Optimize a tabular fraud-detection pipeline on real Vesta payment transactions, with a leakage-safe fit/transform API

This example uses Weco to optimize a tabular fraud-detection pipeline on the IEEE-CIS Fraud Detection Kaggle dataset (real Vesta payment transactions). Weco rewrites two files — features.py (feature engineering) and model.py (the model) — to maximize AUC-ROC on a held-out, time-based validation split.

The interface is designed so that train/val leakage is impossible by construction: the validation split is never visible to feature-fitting code, and the target column is stripped before any feature sees it. See Why the fit/transform API below.

You can follow along here or check out the complete files here.

Baseline AUC 0.9091 (deterministic — python evaluate.py after python prepare_data.py). With the bundled instructions.md and 200 steps of gemini-3.1-pro-preview, expect AUC in the 0.928–0.933 range. Numbers reproduce Weco's published fraud-detection case study.

Setup

If you haven't already, follow the Installation guide.

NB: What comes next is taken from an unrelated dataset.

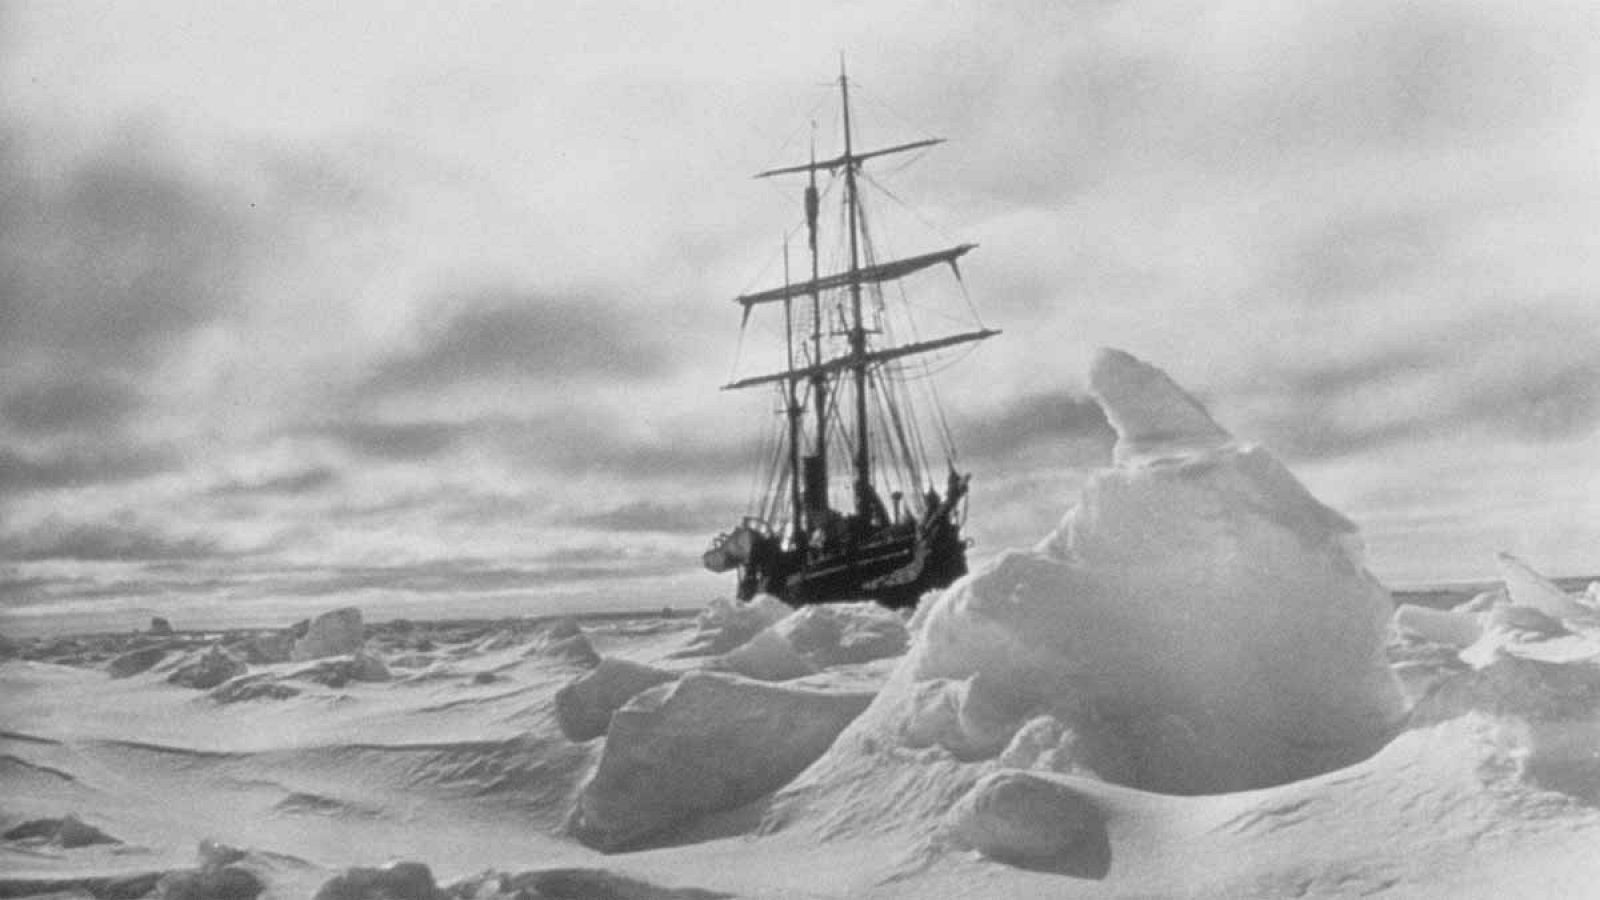 Perdidos en la Antártida: El Endurance de Ernest Shackleton aprisionado en el hielo antártico

Otherwise, install the CLI:

pipx install weco

pipx install weco

Other installation methods

curl -fsSL https://weco.ai/install.sh | sh

curl -fsSL https://weco.ai/install.sh | sh

irm https://weco.ai/install.ps1 | iex

irm https://weco.ai/install.ps1 | iex

pip install weco

pip install weco

We recommend using a virtual environment when installing with pip.

git clone https://github.com/wecoai/weco-cli.git
cd weco-cli
pip install -e .

git clone https://github.com/wecoai/weco-cli.gitcd weco-clipip install -e .

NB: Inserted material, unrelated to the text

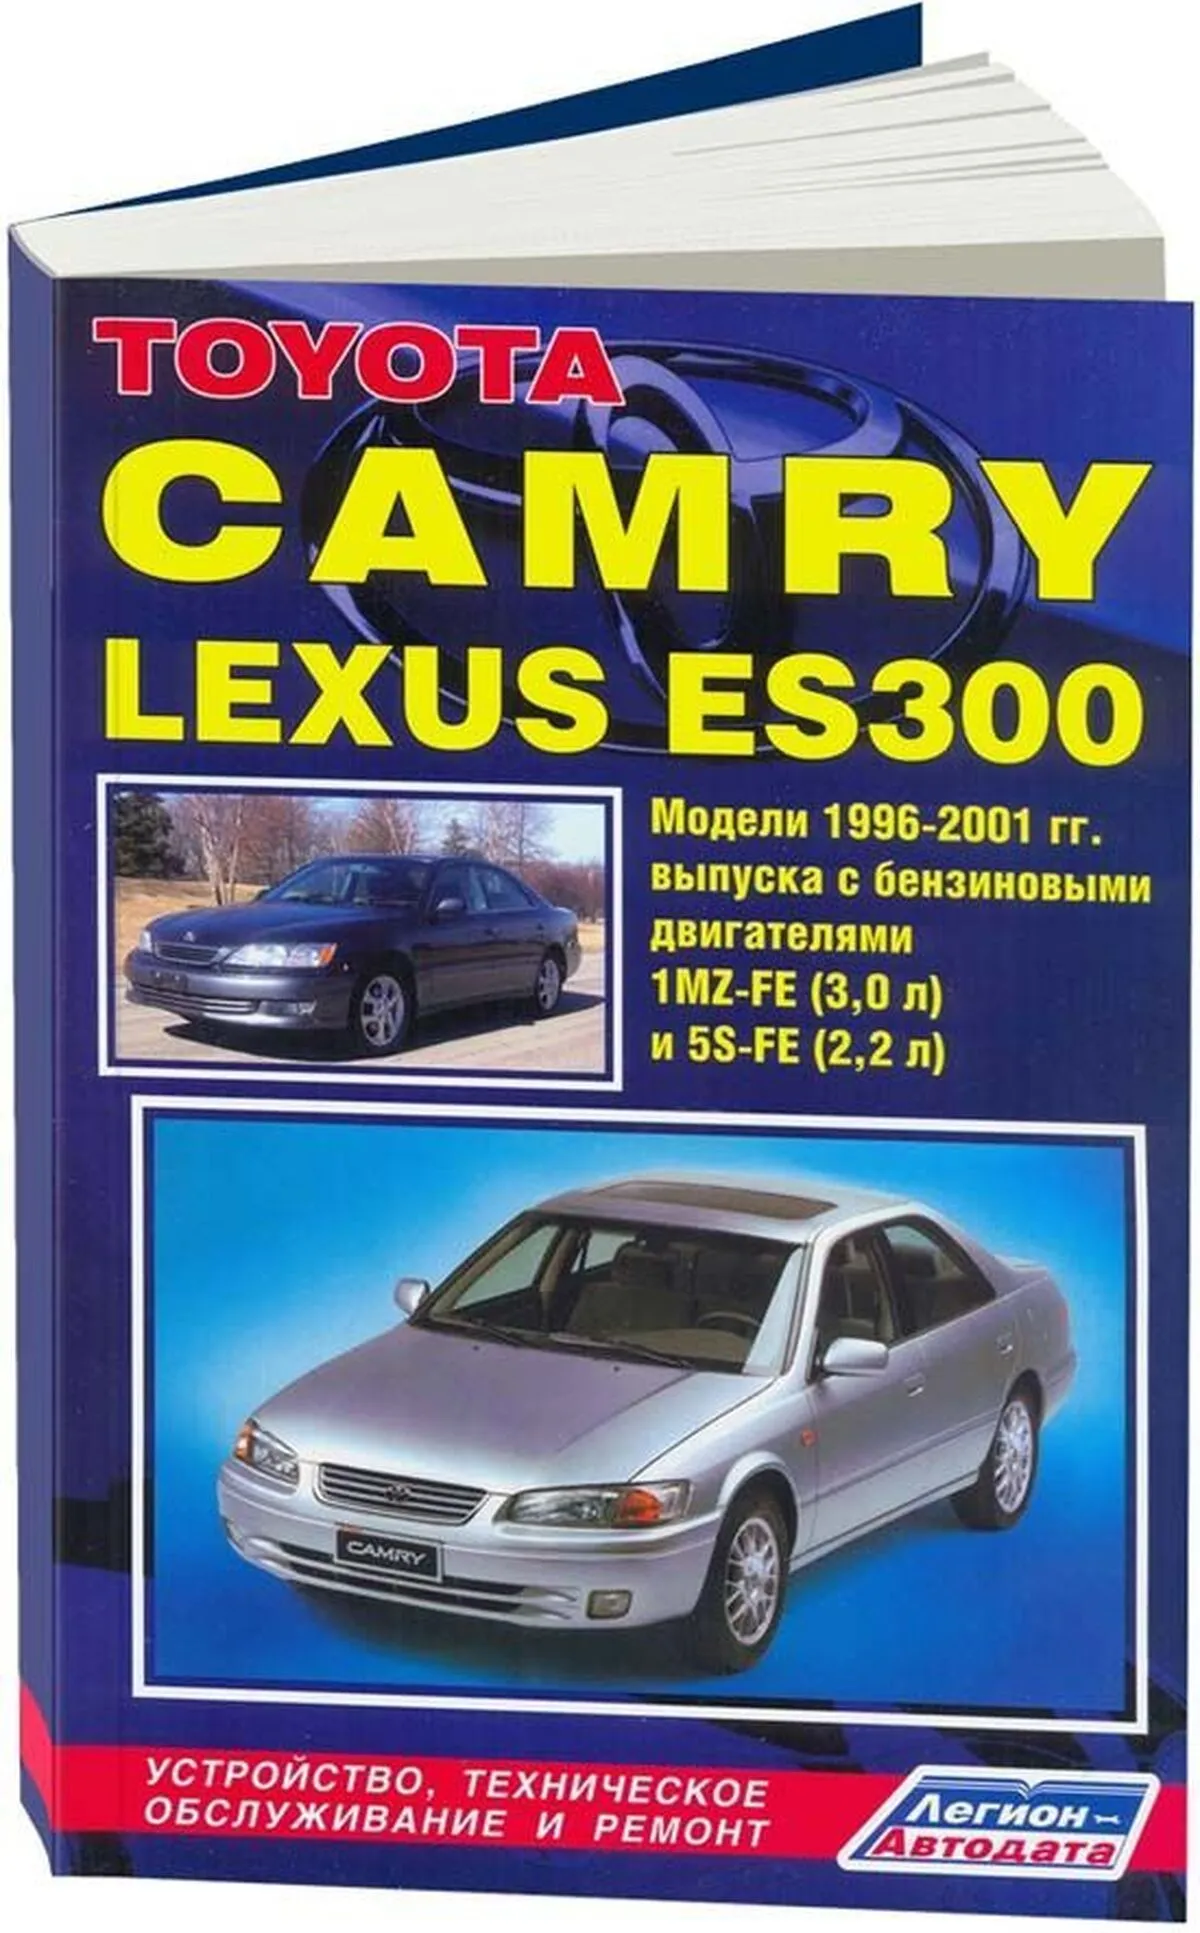 Книга: TOYOTA CAMRY / LEXUS ES300 (б) 1996-2001 г.в., рем., экспл., то | Легион-Aвтодата

Use this if you want to contribute or modify Weco.

Clone the repo and install the example's dependencies:

git clone https://github.com/WecoAI/weco-cli.git
cd weco-cli/examples/fraud-detection
pip install --upgrade -r requirements.txt

Kaggle prerequisites. prepare_data.py downloads the competition data, which requires:

A Kaggle API token at ~/.kaggle/kaggle.json (chmod 600 ~/.kaggle/kaggle.json). See the Kaggle API docs.
Joining the competition at kaggle.com/c/ieee-fraud-detection (click Late Submission / Join Competition to accept the rules). Without this, the download returns a 403.

Prepare the data

This one-off script downloads the IEEE-CIS data and builds a fixed, leakage-safe train/val split (100K train / 25K validation, split by time so the validation period is strictly later than training):

python prepare_data.py

It writes data/base_train_small.parquet and data/base_val_small.parquet (SHA-256 identical to the published case study). A quick sanity check should print the deterministic baseline:

python evaluate.py
# auc_roc: 0.909132

The optimization target

Weco edits two files. Each owns a separate scope, and the interface keeps them honest.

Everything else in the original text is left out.